Он постеснялся спросить, в чем заключались мои обязанности.
- Вот что хочу сказать: я уложу мистера Бассета в кровать, а вы пока не уходите. Я вернусь и приготовлю вам чашечку кофе.
- С удовольствием выпью кофейку. Между прочим, зовут меня Лью Арчер.
- Джозеф Тобиас. - У него было такое рукопожатие, которым можно согнуть подкову. - Несколько необычная фамилия, правда? Если хотите, можете оставаться здесь, в комнате.
Он поспешно вышел. Склад был забит сложенными пляжными зонтиками, стопками шезлонгов, спущенными пластиковыми кругами и пляжными мячами, Я разложил один шезлонг и растянулся на нем. Усталость подействовала на меня, как снотворное. Я заснул почти немедленно.
Когда я проснулся, Тобиас стоял спиной ко мне. Он как раз открыл на стене черный электрощит с рубильниками, опустил несколько из них, и ярко освещенная ночь снаружи, за распахнутой дверью, превратилась в серую мглу. Он повернулся ко мне и увидел, что я проснулся.
- Мне не хотелось вас будить. Вы выглядели таким уставшим.
- А вы никогда не устаете?
- Нет, почему-то я никогда не устаю. Устал один раз в жизни, но это случилось в Корее. Там я измучился до костей, толкал джип через глубокую грязь, которая у них там на дорогах. Хотите сейчас кофе?
- Да, пойдемте.
Он привел меня в ярко освещенную комнату с белыми стенами, над дверью которой было написано "Закусочная". На полке за стойкой булькала вода в стеклянном кофейнике. Стрелки часов на стене время от времени судорожно дергались. Они показывали без четверти четыре утра.
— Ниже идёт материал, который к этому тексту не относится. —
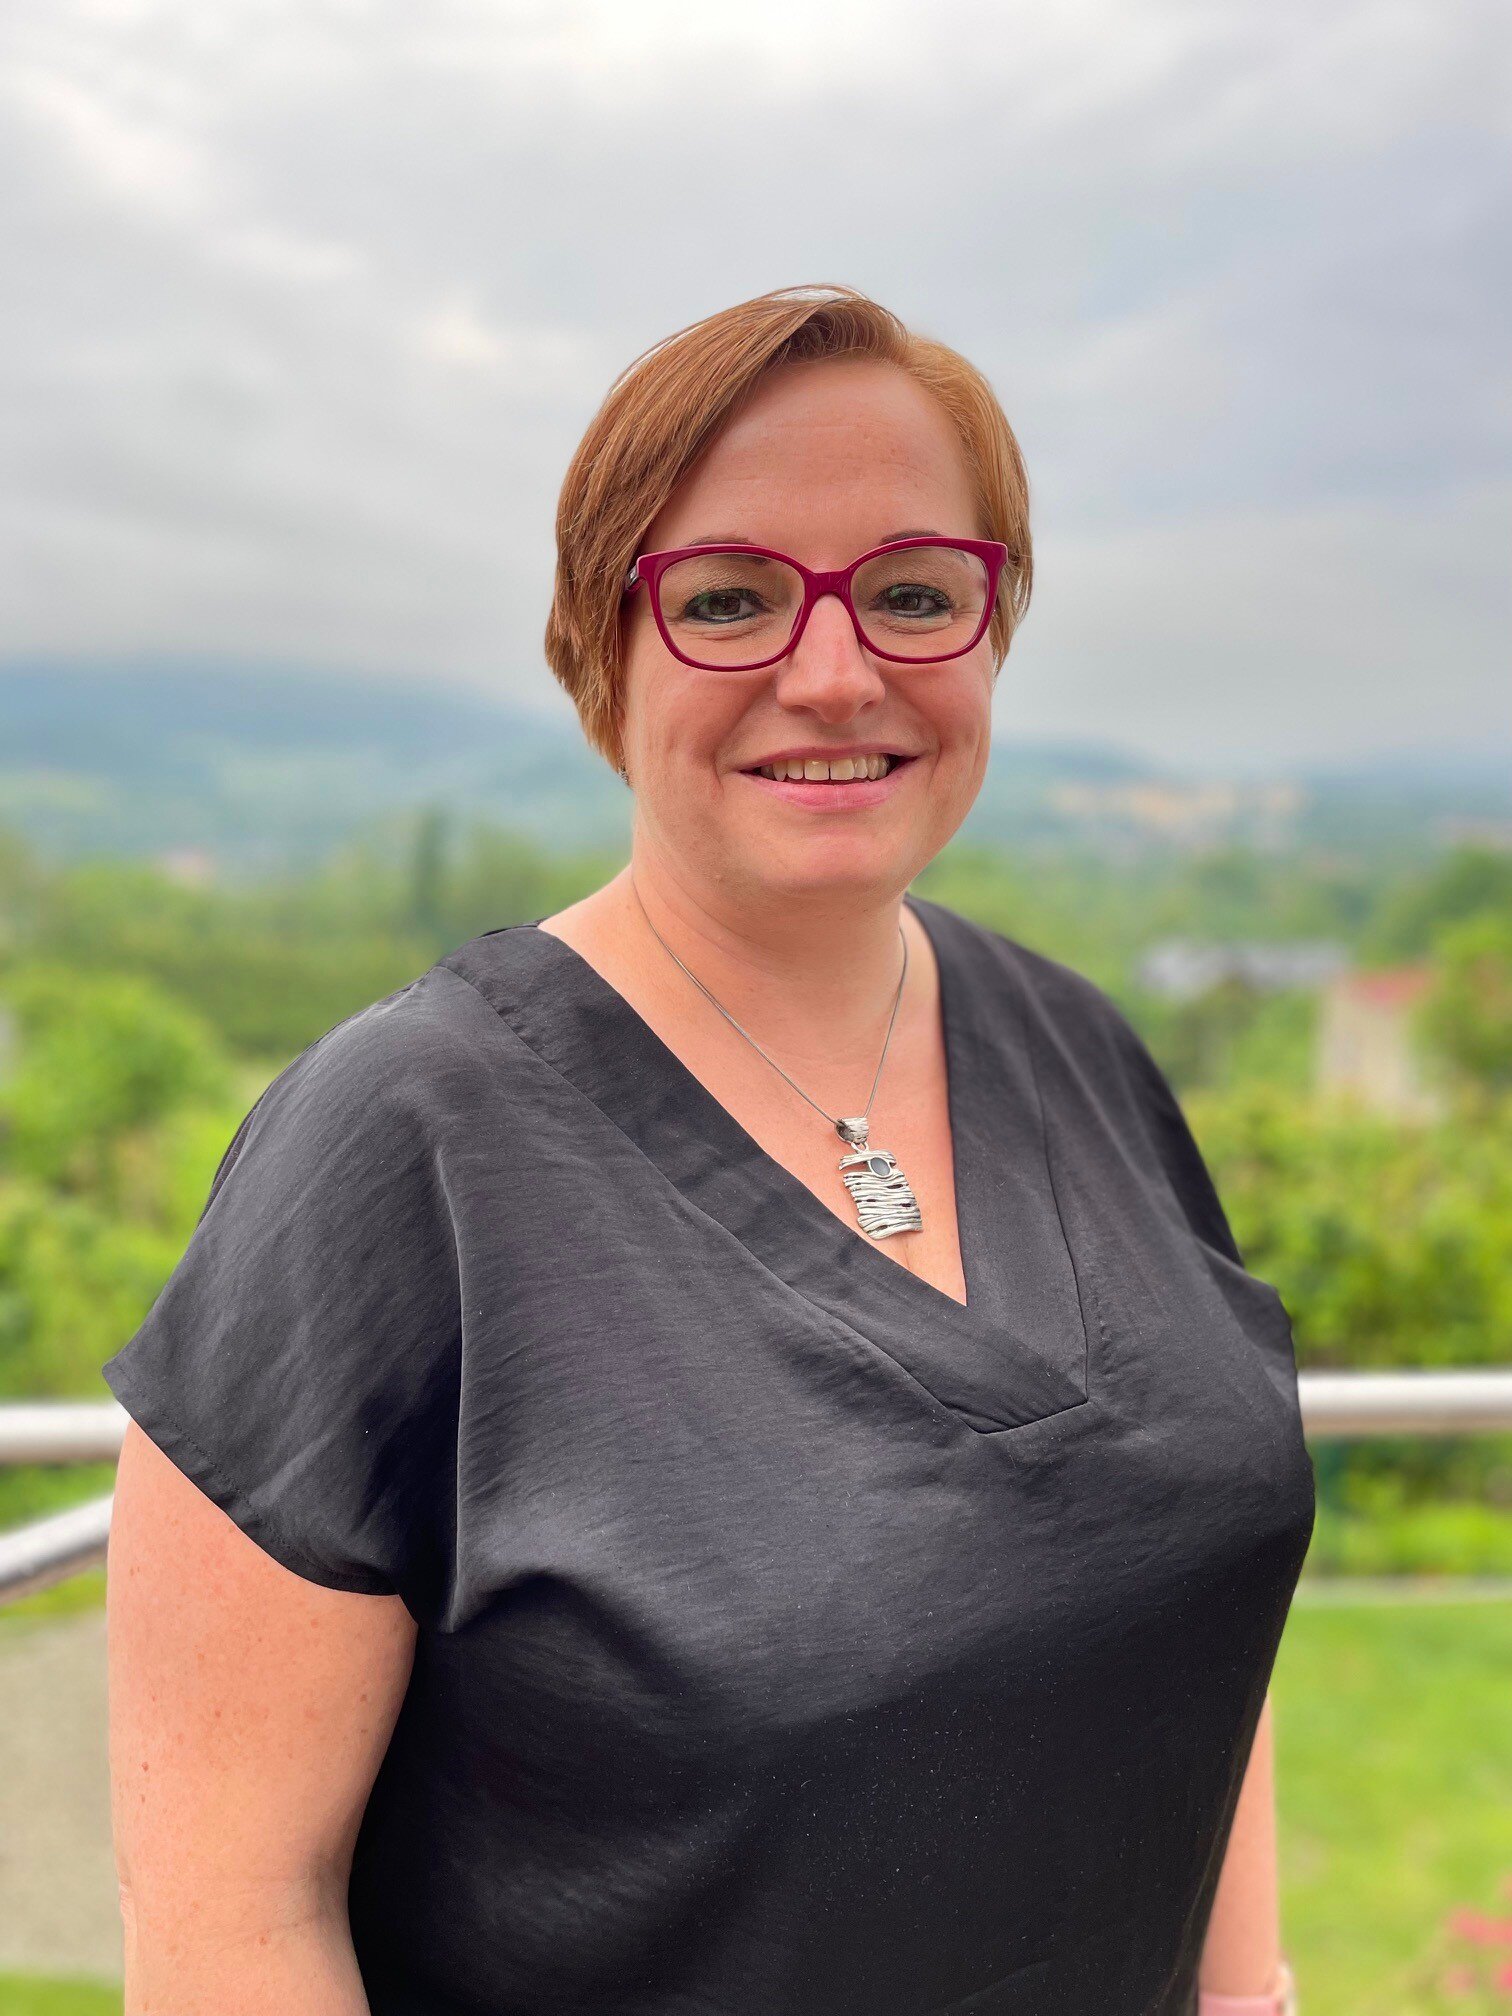 Agnieszka Moron, direktør for helse- og sosialavdelingen i kommunen, vil samarbeide tettere med tillitsvalgte i utviklingen av tjenestene.

Я сел на один из высоких стульев с подушечкой возле стойки. Тобиас наклонился над стойкой, оперся на ее поверхность с совершенно невозмутимым выражением на лице.
- Кучулан, витязь Ольстера, - произнес он к моему удивлению. - Когда Кучулан уставал и изматывался в беспрерывных боях, он спускался на берег реки и начинал заниматься физическими упражнениями. Таким манером отдыхал. Я включил жаровню на случай, если вы захотите съесть яичницу. И сам, пожалуй, съем парочку, а то и три яйца.
- И я тоже.
- Три?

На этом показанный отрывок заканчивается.